Wenn diese Theorie stimmt, muss man 2010 tatsächlich zum Schreckensjahr für alle Freunde stabilen Geldes erklären. Nie zuvor seit dem Zweiten Weltkrieg sind in so kurzer Zeit solch gewaltige Mengen Geld geschaffen worden. Bankenrettungen, Konjunkturspritzen und bald womöglich auch noch Hilfszahlungen an notleidende Nachbarländer – all dies führt in vielen Ländern zu gewaltigen Staatsschulden. Einige Notenbanken haben sich an den Rettungsaktionen kräftig beteiligt. Sie haben eine Menge Extrageld gedruckt und einen Berg zweifelhafter Wertpapiere in Zahlung genommen.
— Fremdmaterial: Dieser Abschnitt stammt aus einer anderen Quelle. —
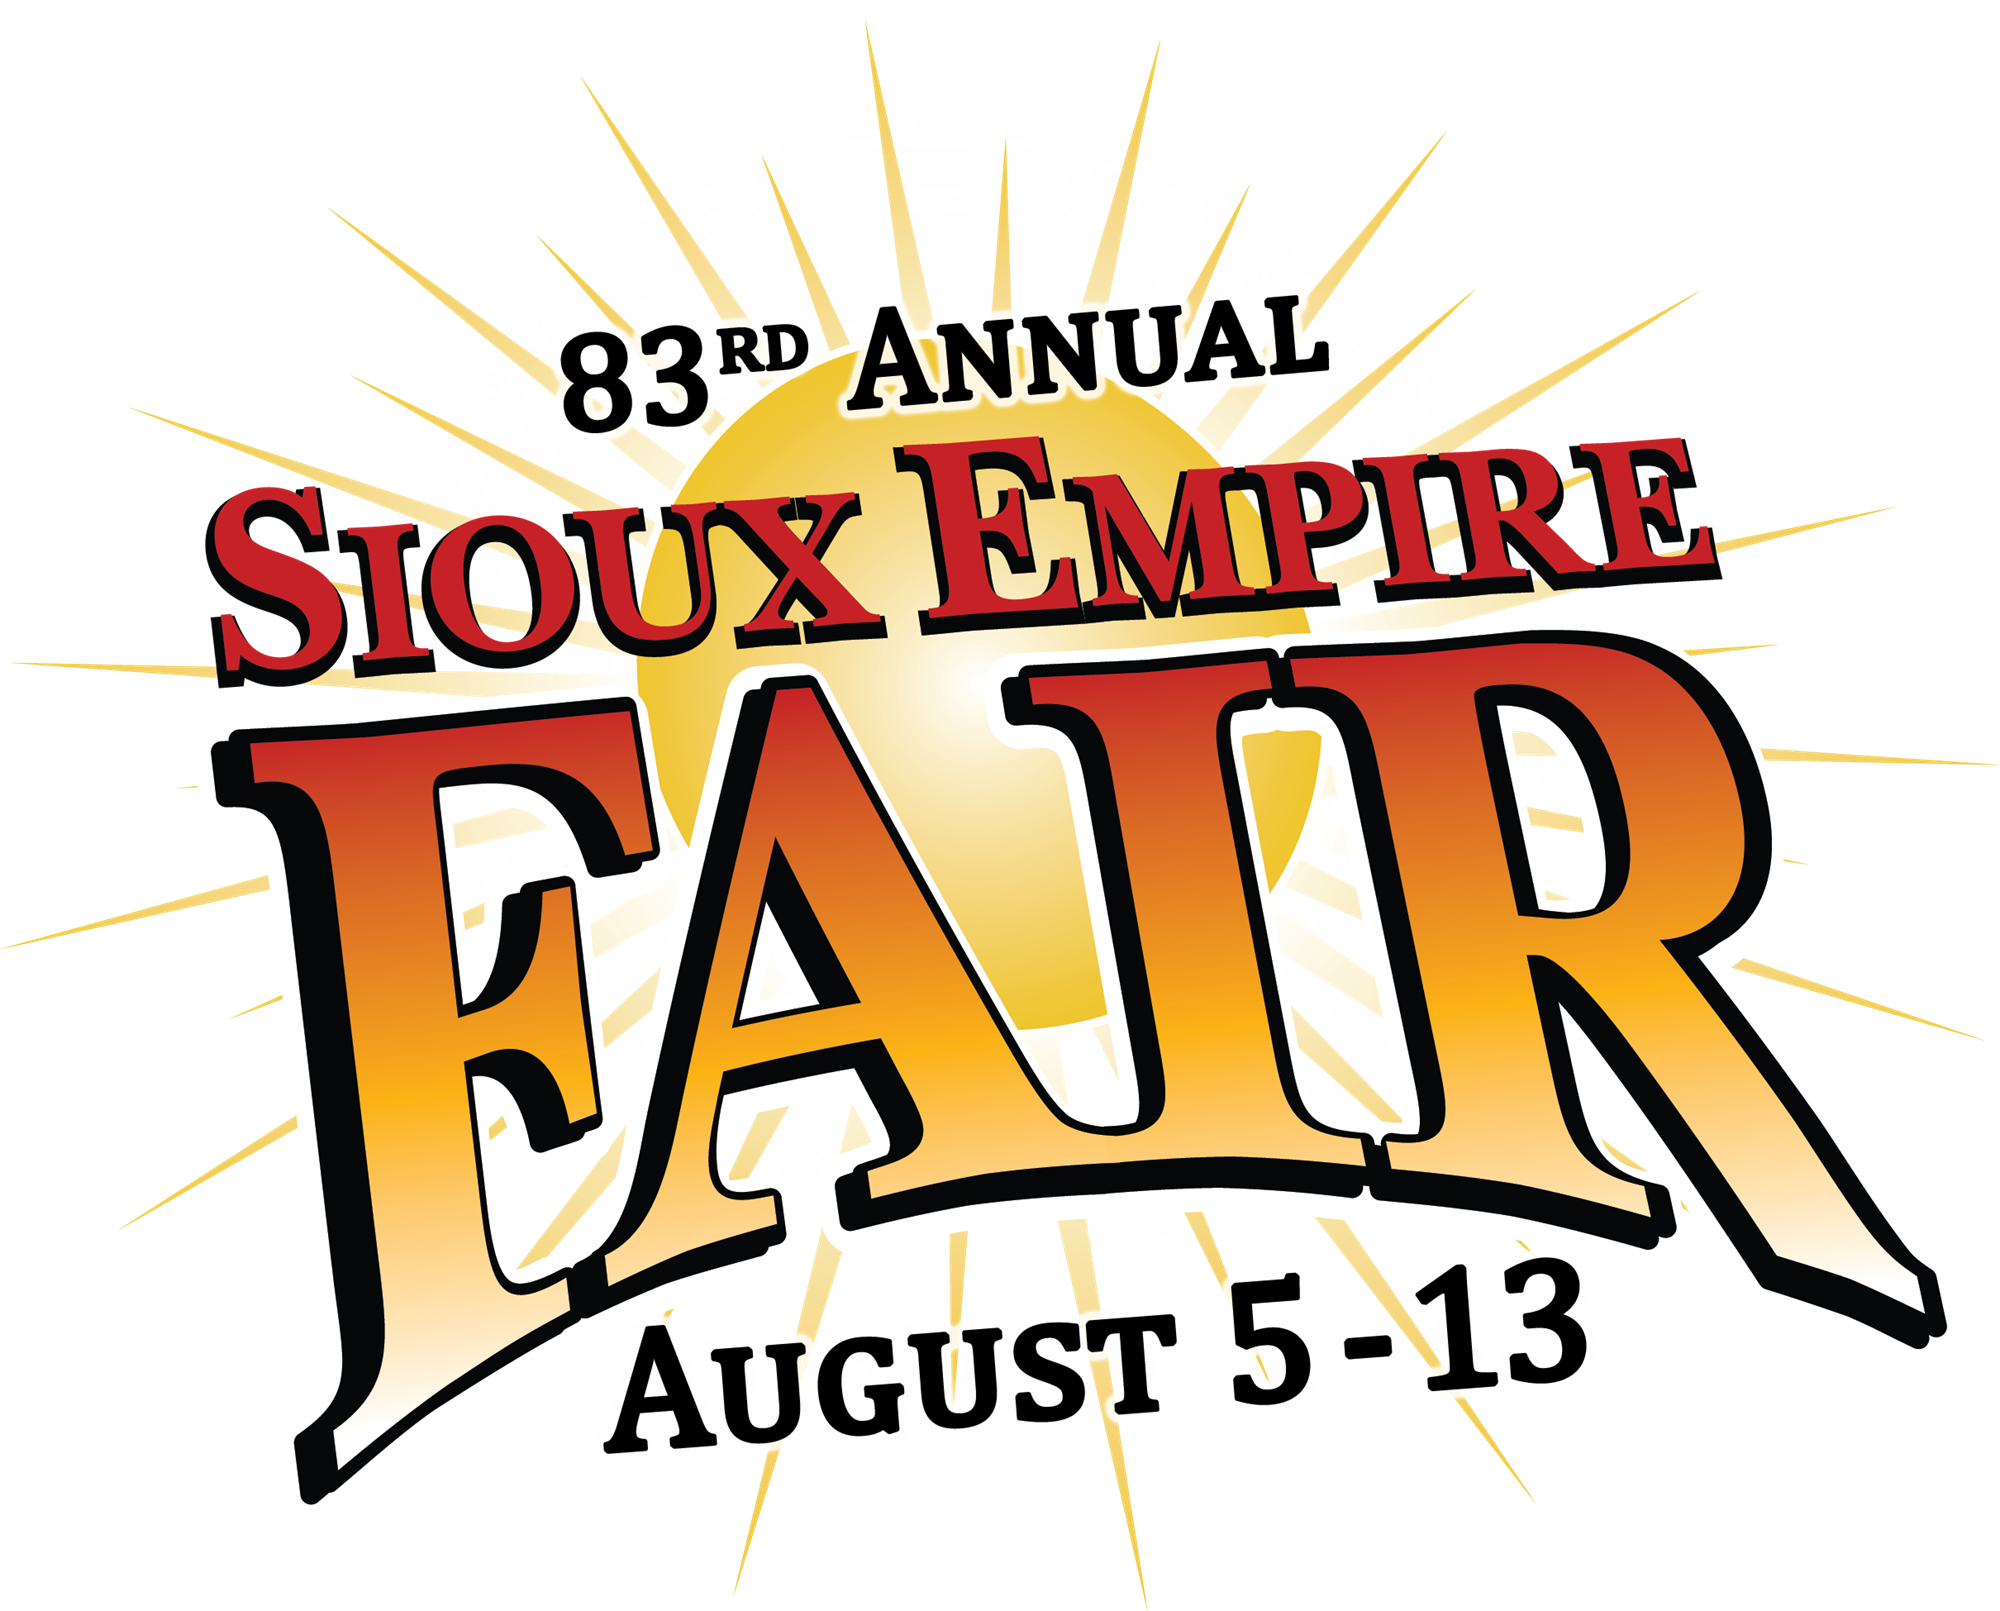 83rd Annual Sioux Empire Fair
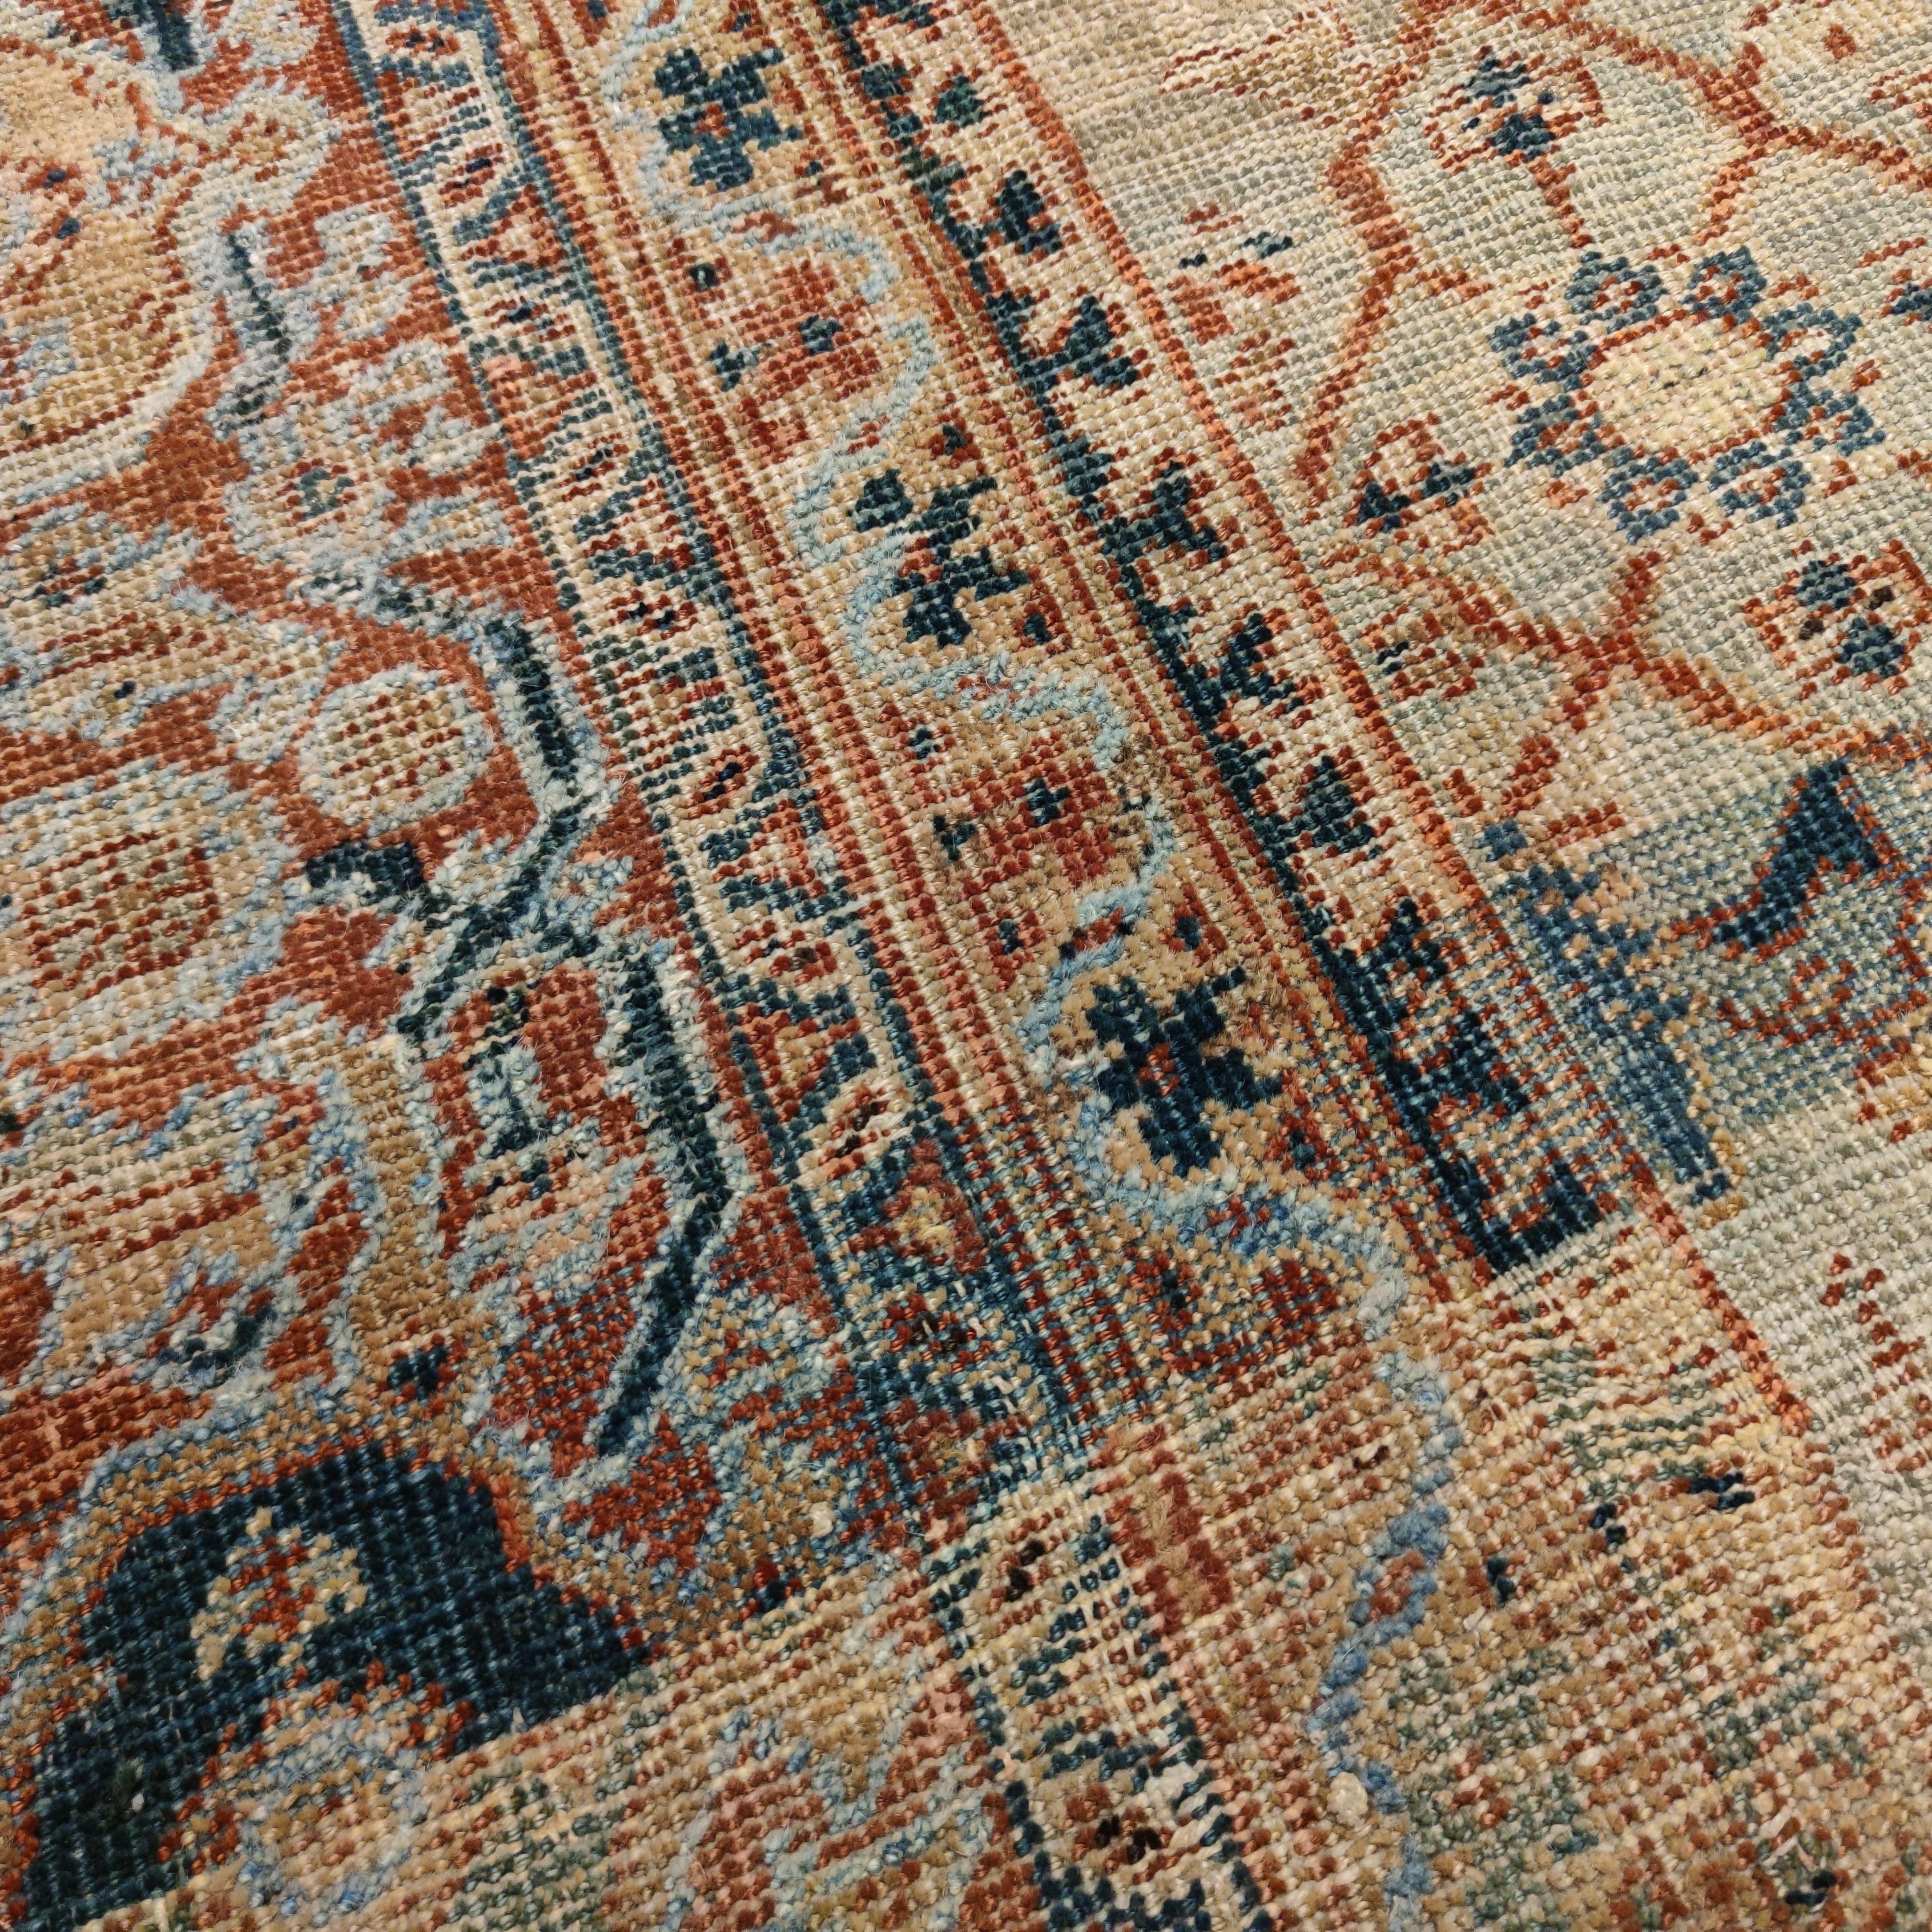 Les tapis tissés par la société anglo-suisse Ziegler & Co. à la fin du XIXe siècle dans la région d'Arak se caractérisent souvent par des motifs persans classiques rendus dans des couleurs très raffinées, où les fils de laine sont teints de façon

Am weitesten gingen dabei die USA, und dort hört man heute auch die lautesten Forderungen, einen Teil der Schulden durch Inflation abzutragen. Von 2002 bis 2008 hat die jährliche Neuverschuldung der amerikanischen Bundesregierung etwa 2,5 Prozent der Wirtschaftsleistung betragen – aber 2009 hat sie nach Schätzungen des Haushaltsamtes im Kongress stolze 11,25 Prozent erreicht. Passend dazu rechneten die Ökonomie-Professoren Joshua Aizenman und Nancy Marion im Dezember vor, dass man mit einer Inflationsrate von rund fünf Prozent die Defizitquote in nur vier Jahren wieder auf den Stand von vor der Krise bringen könnte. Uri Dadush von der Denkfabrik Carnegie Endowment und Moisés Naím, der Chefredakteur des Magazins Foreign Policy, warnten vor den »Gefahren des Inflationsfundamentalismus« – den sie vor allem in den Reihen der Europäischen Zentralbank (EZB) ausmachen.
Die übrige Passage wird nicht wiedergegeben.